While I was researching May for our video essay on THE INDIAN TOMB, I got interested in these capers, but there were none available to see. I would have liked — would still like — to see one helmed by May himself, but Piel should be a capable substitute.

Meanwhile, here are some posters and ads for some of these detective flicks. The first detective hero was Stuart Webbs — the detectives were always English, in honour/imitation of Sherlock Holmes, and the German populace flocked to these Anglophile adventures even as we were killing each other en masse in the trenches.

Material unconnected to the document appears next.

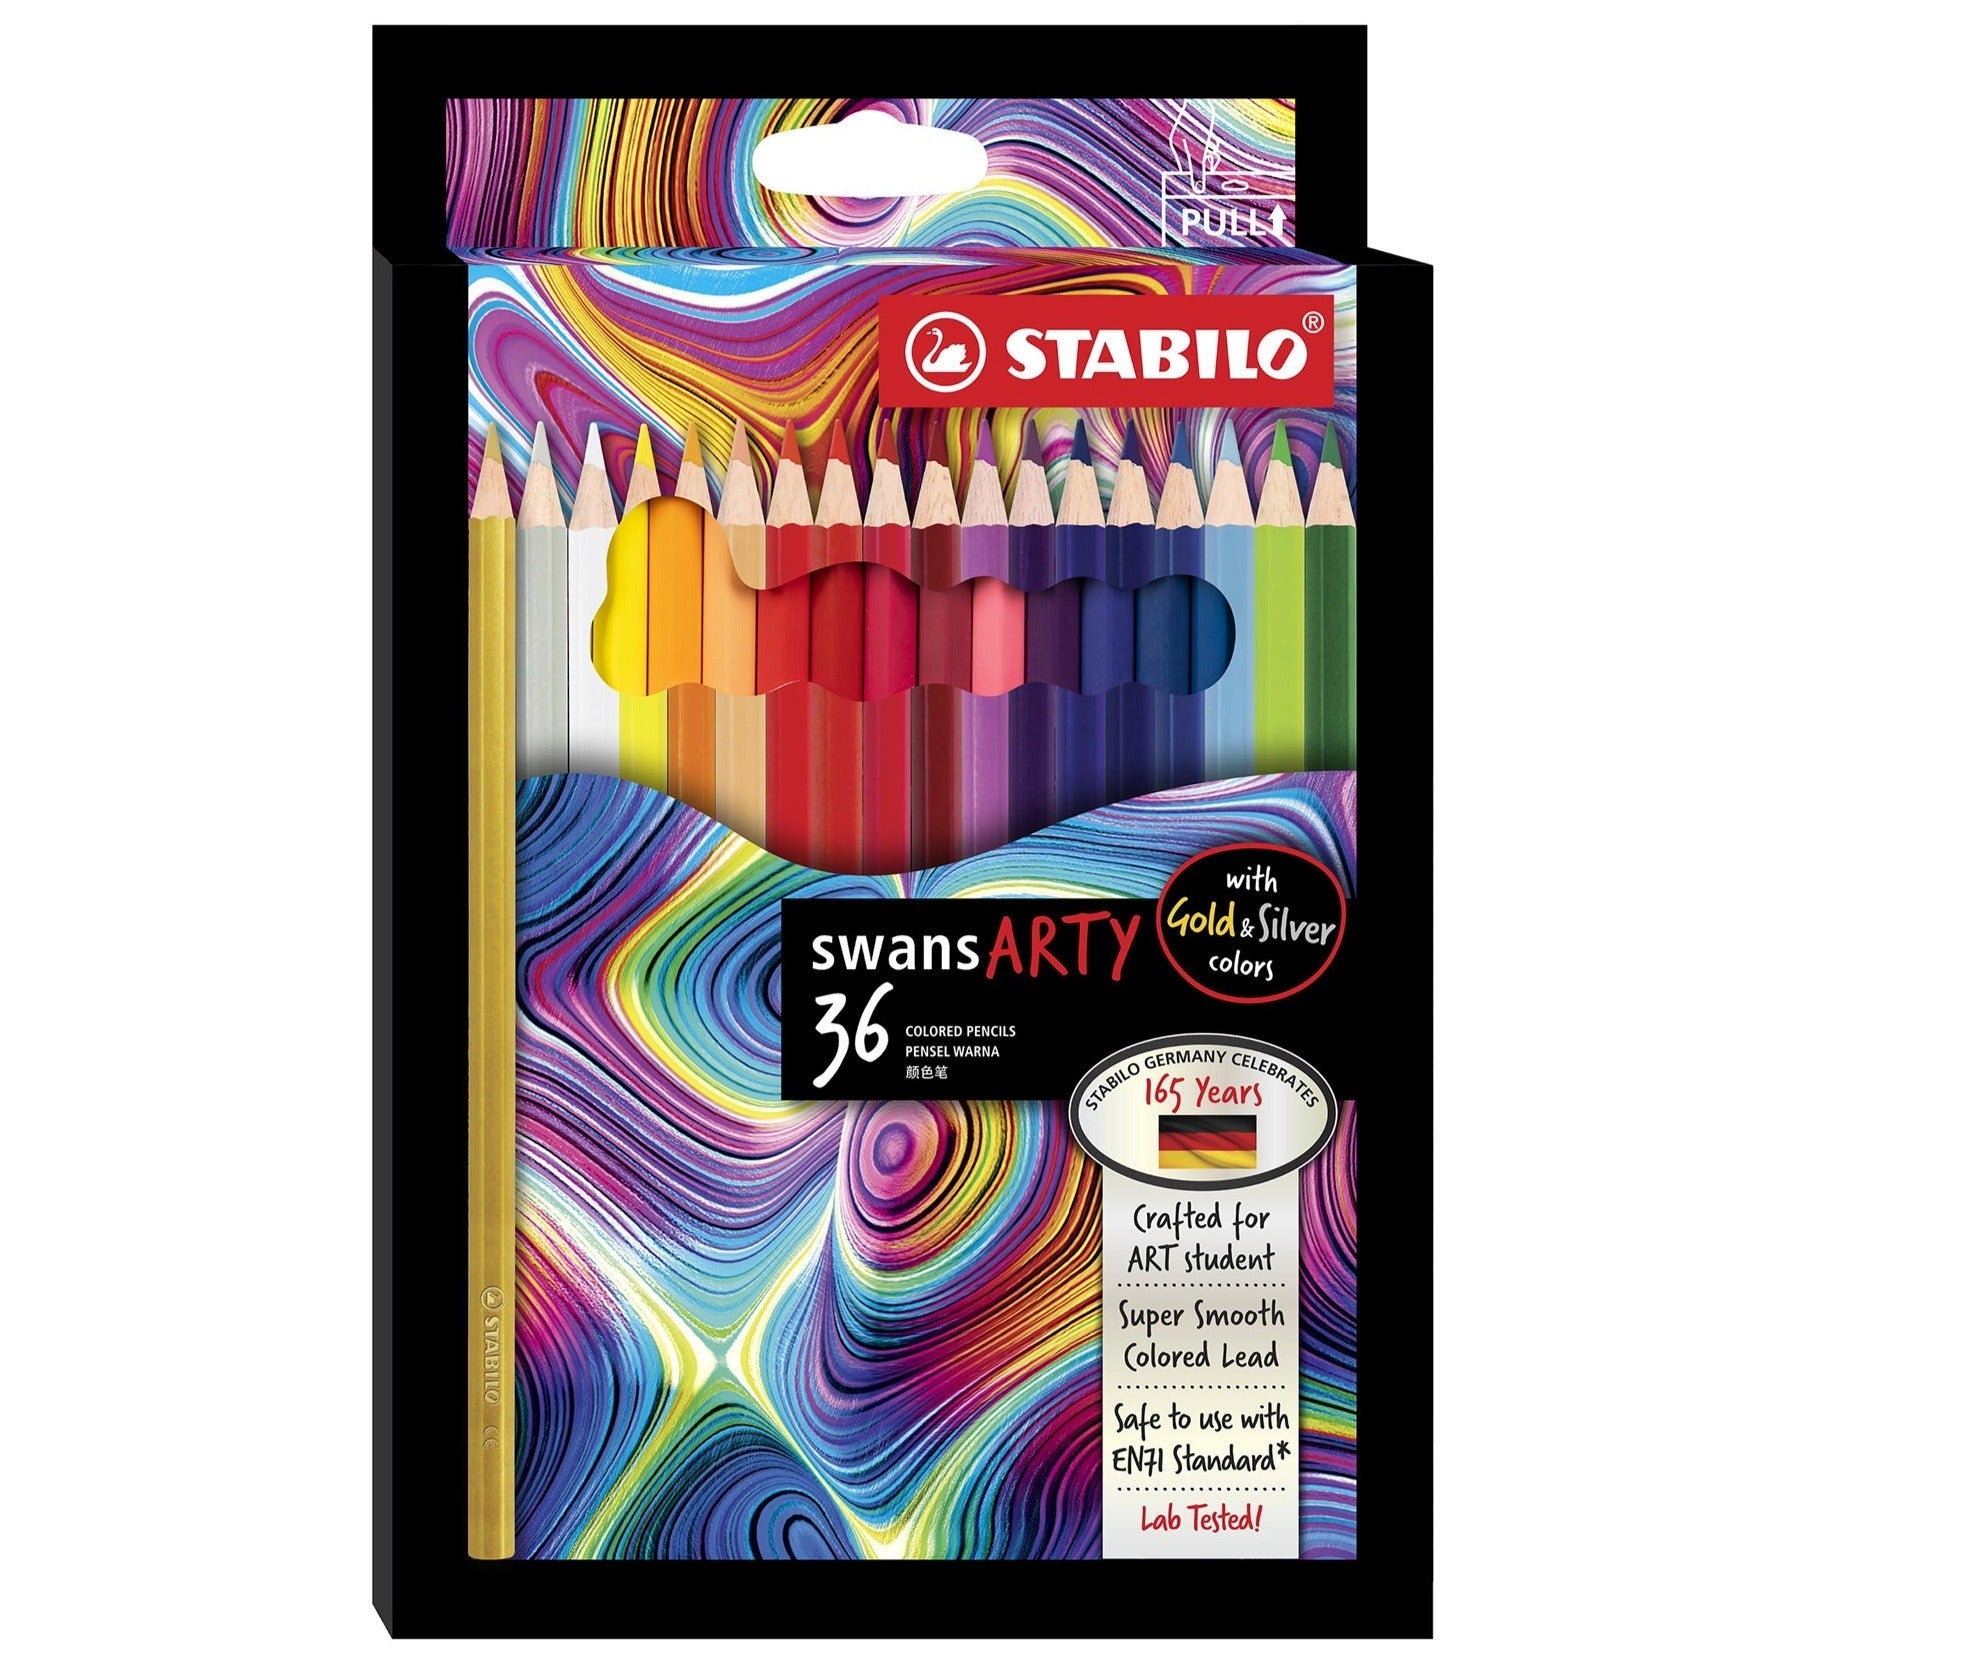 STABILO swans ARTY Coloured Pencils with Gold & Silver colors - Schwan-STABILO -Most colourful Stationery Shop

And Webbs begat Deebs — May split with his star who went off to make more Webbs films, so May started a rival character with the strange name of Deebs.

As with James Bond, Deebs was played by several different actors, and they tended to pursue separate careers as soon as they’d made a name for themselves. Deebs was also known by different names in different territories — Prof. Nick Fantom is a much cooler name.

Can’t wait to see this vintage malarkey. Cover me — I’m going in.